(GIVEN DATA)
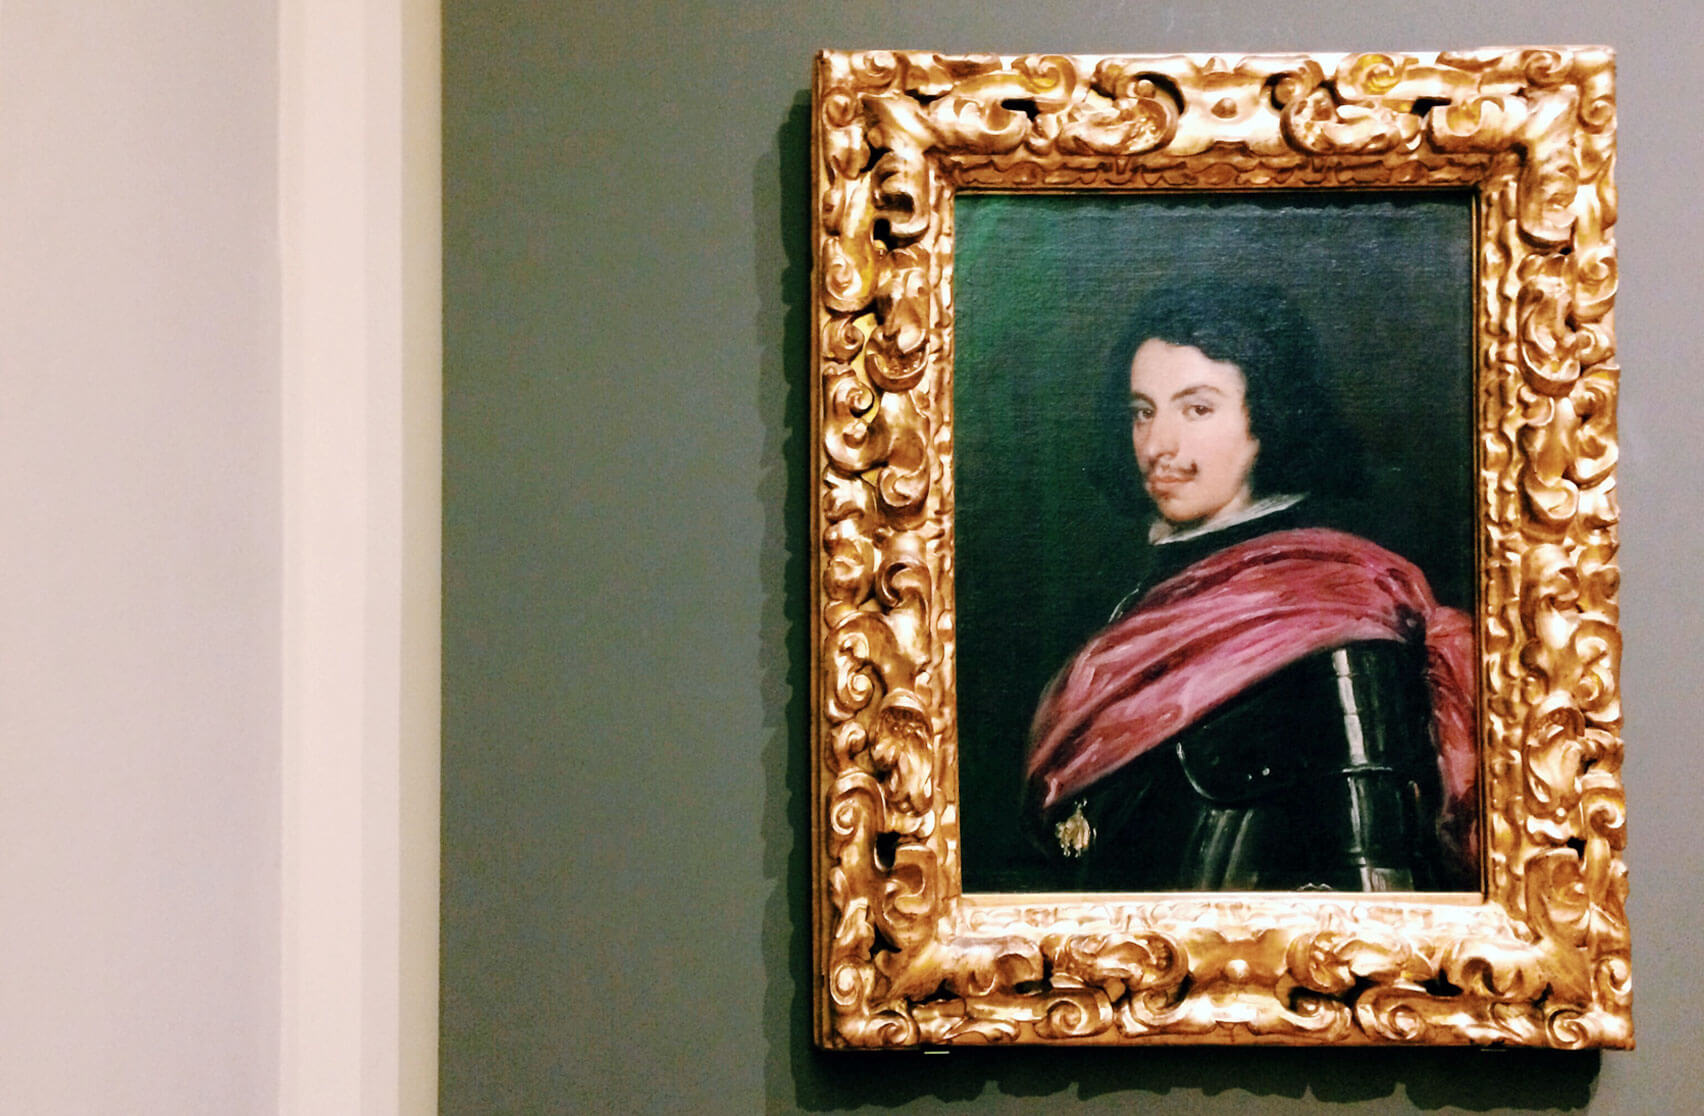 Estense Gallery - Portrait of Francesco I d'Este by Velazquez
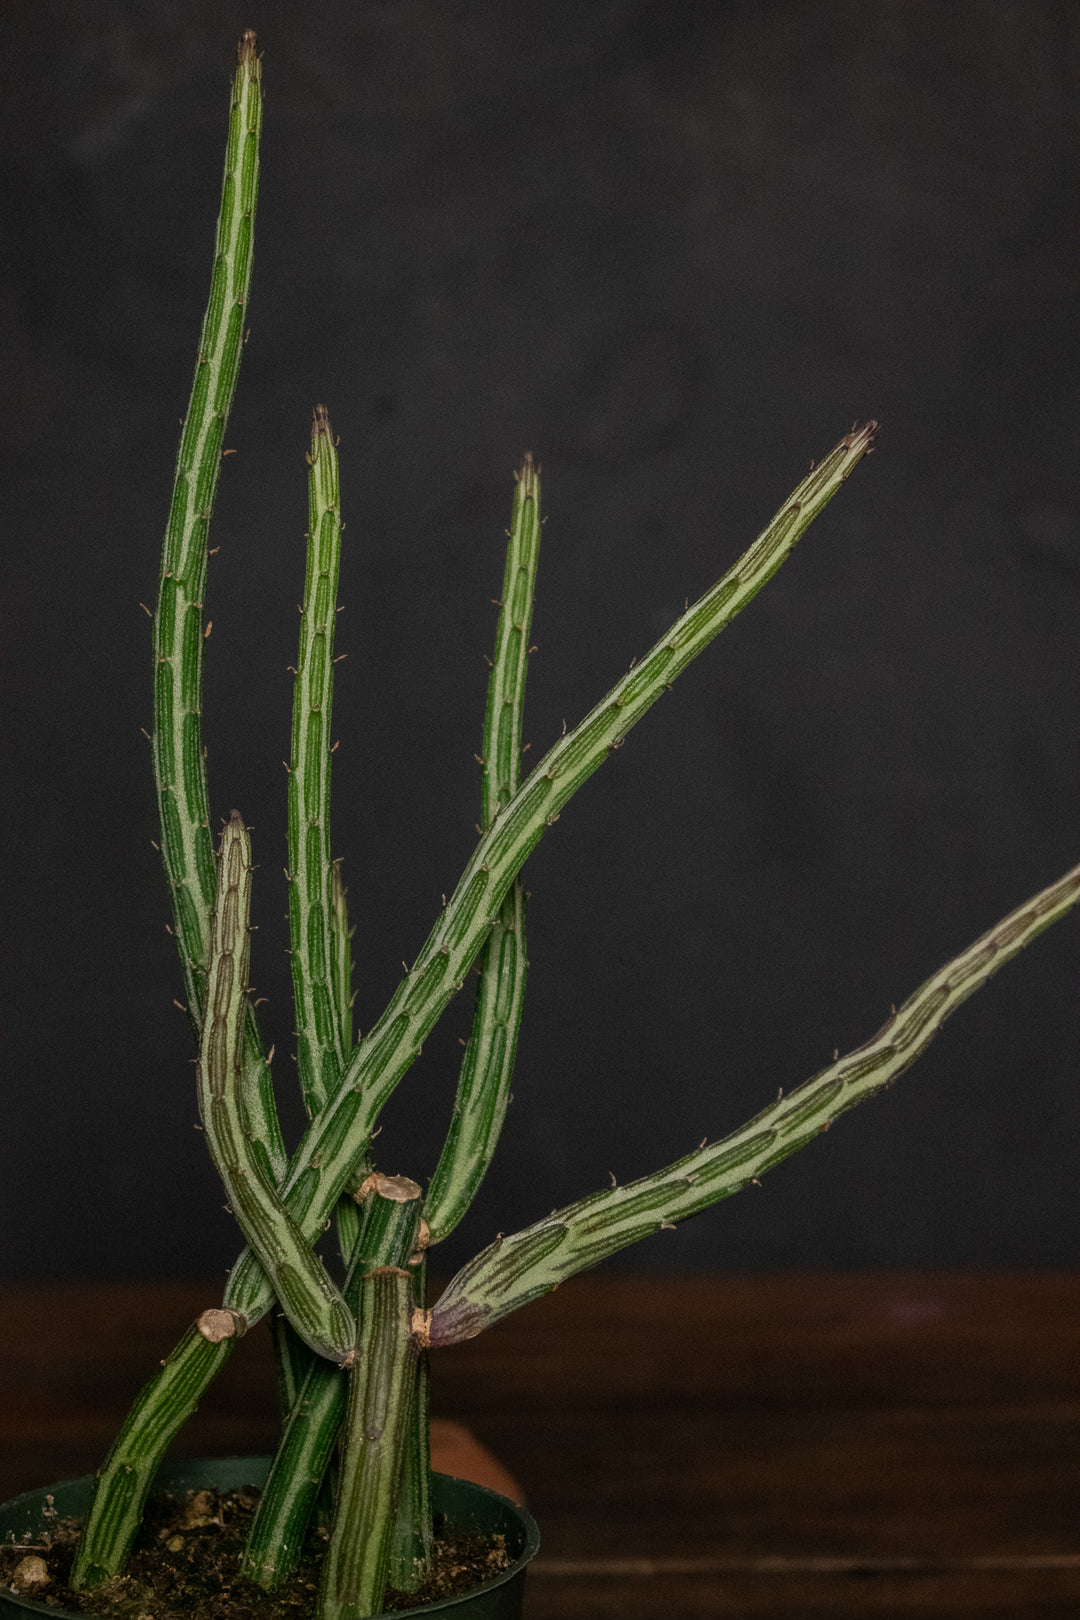 Senecio - Stapeliformis "Pickle Plant"
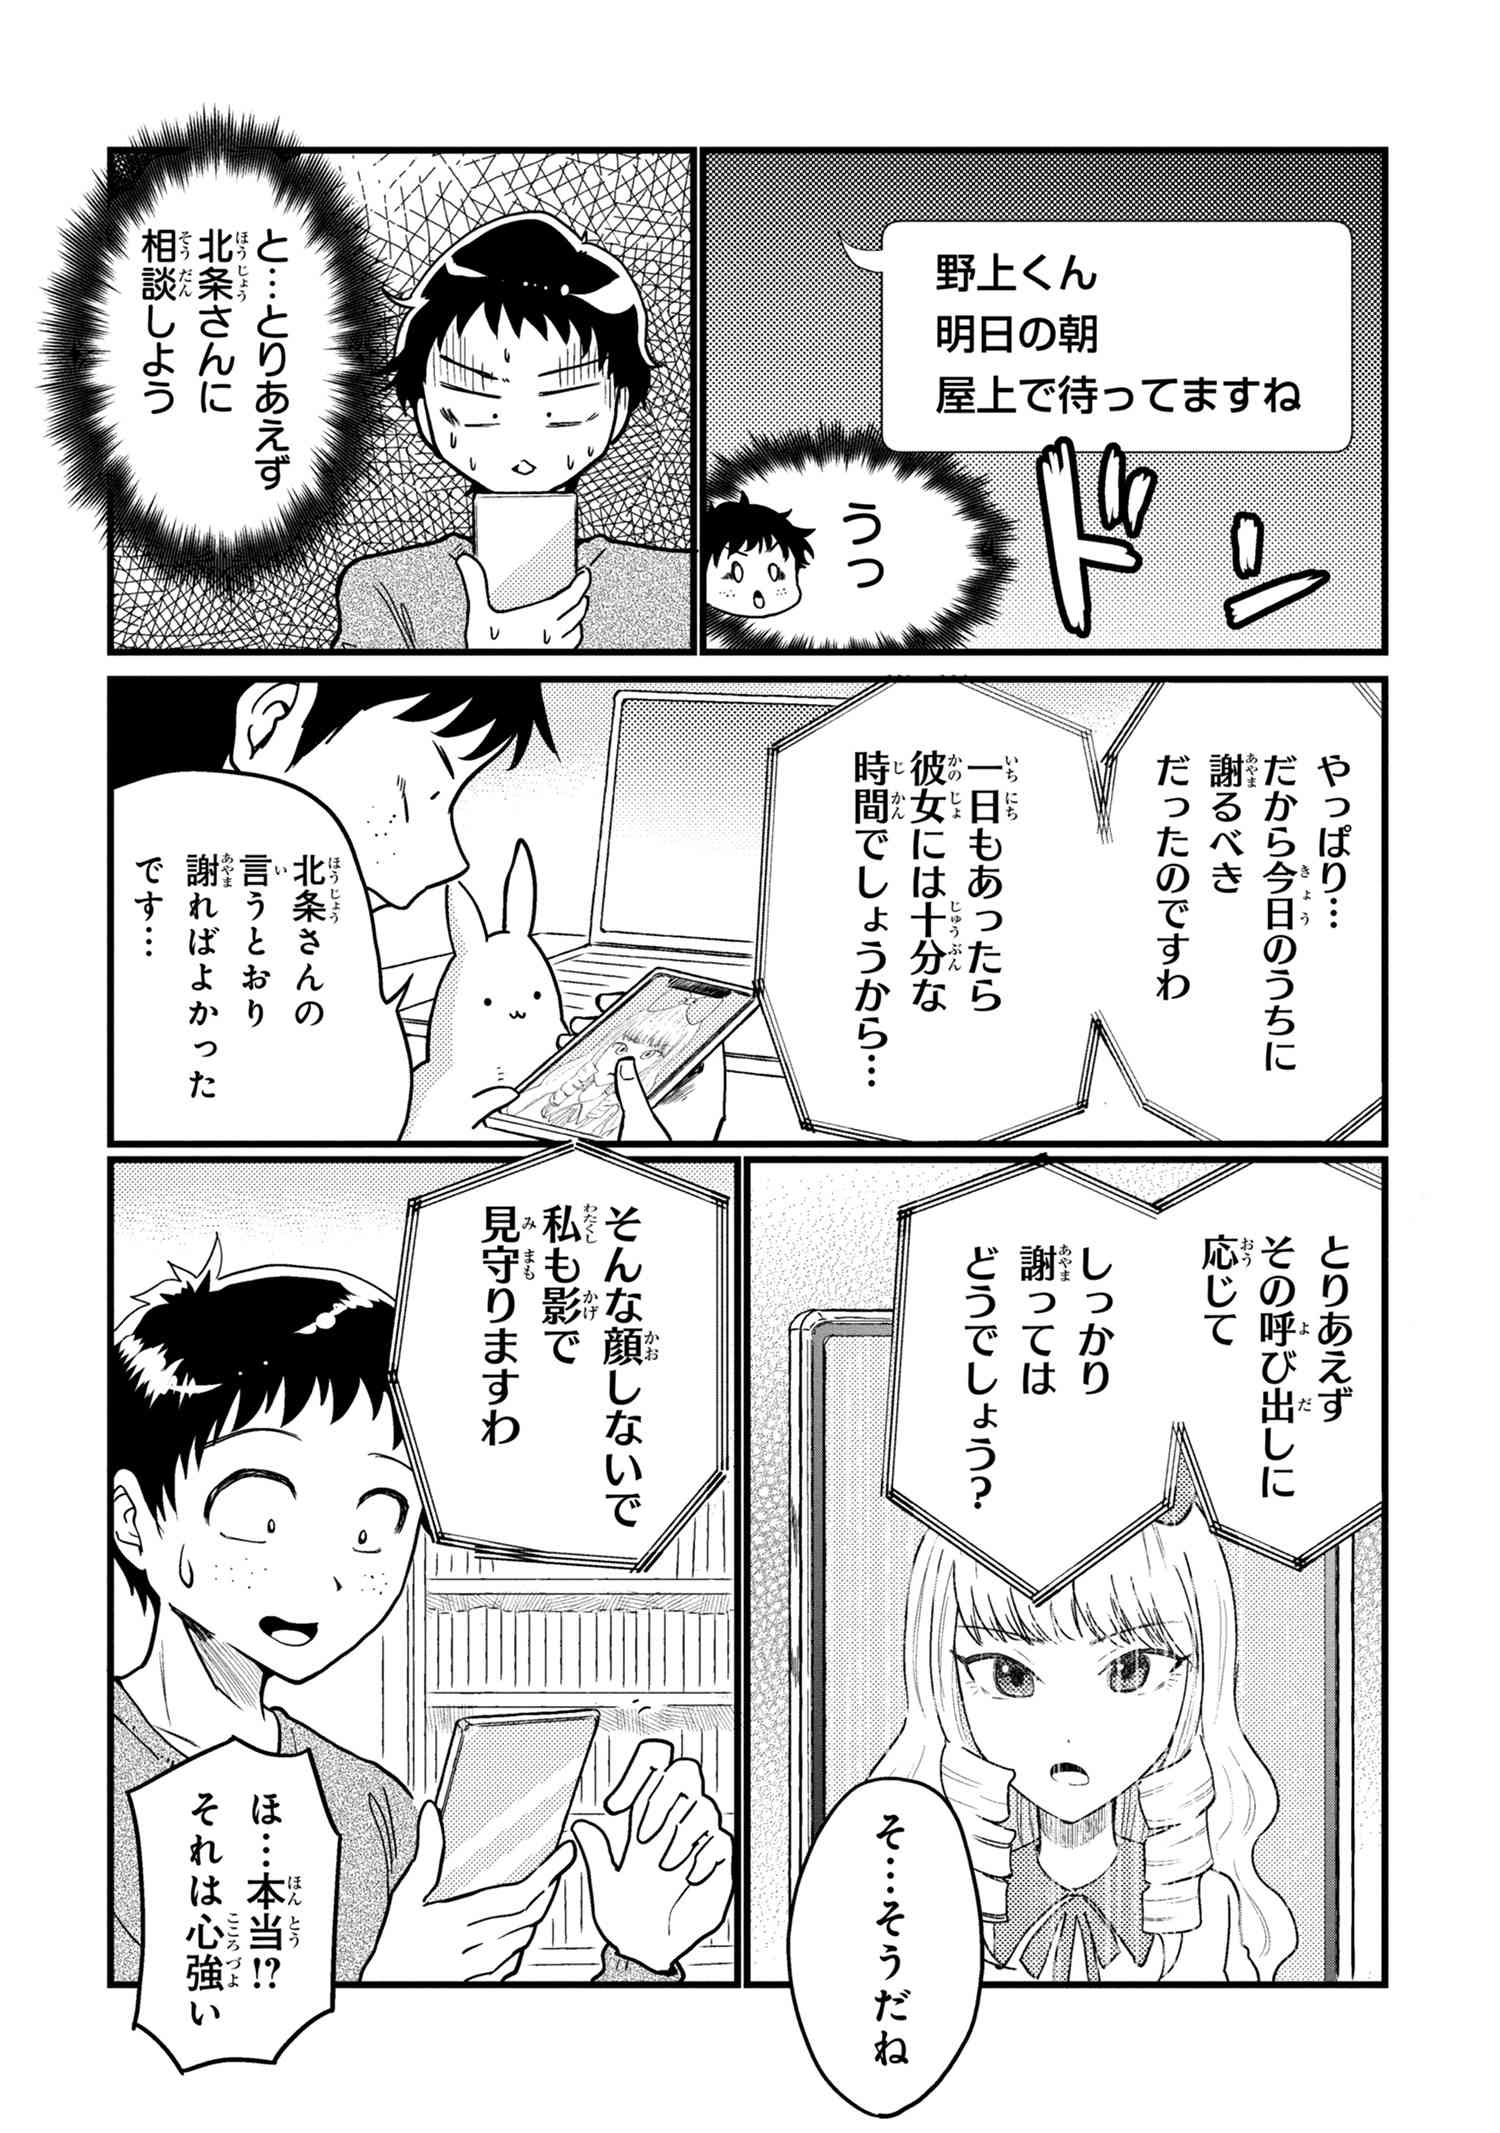 Houjou Urara no renai shousetsu o kaki nasai! - Chapter 14 - Page 2
(End GIVEN DATA)
● WORK REQUIRED: Word for word, copy every line of the data, excluding any pictures.

● OUTPUT:
 Estense Gallery - Portrait of Francesco I d'Este by Velazquez
 Senecio - Stapeliformis "Pickle Plant"
 Houjou Urara no renai shousetsu o kaki nasai! - Chapter 14 - Page 2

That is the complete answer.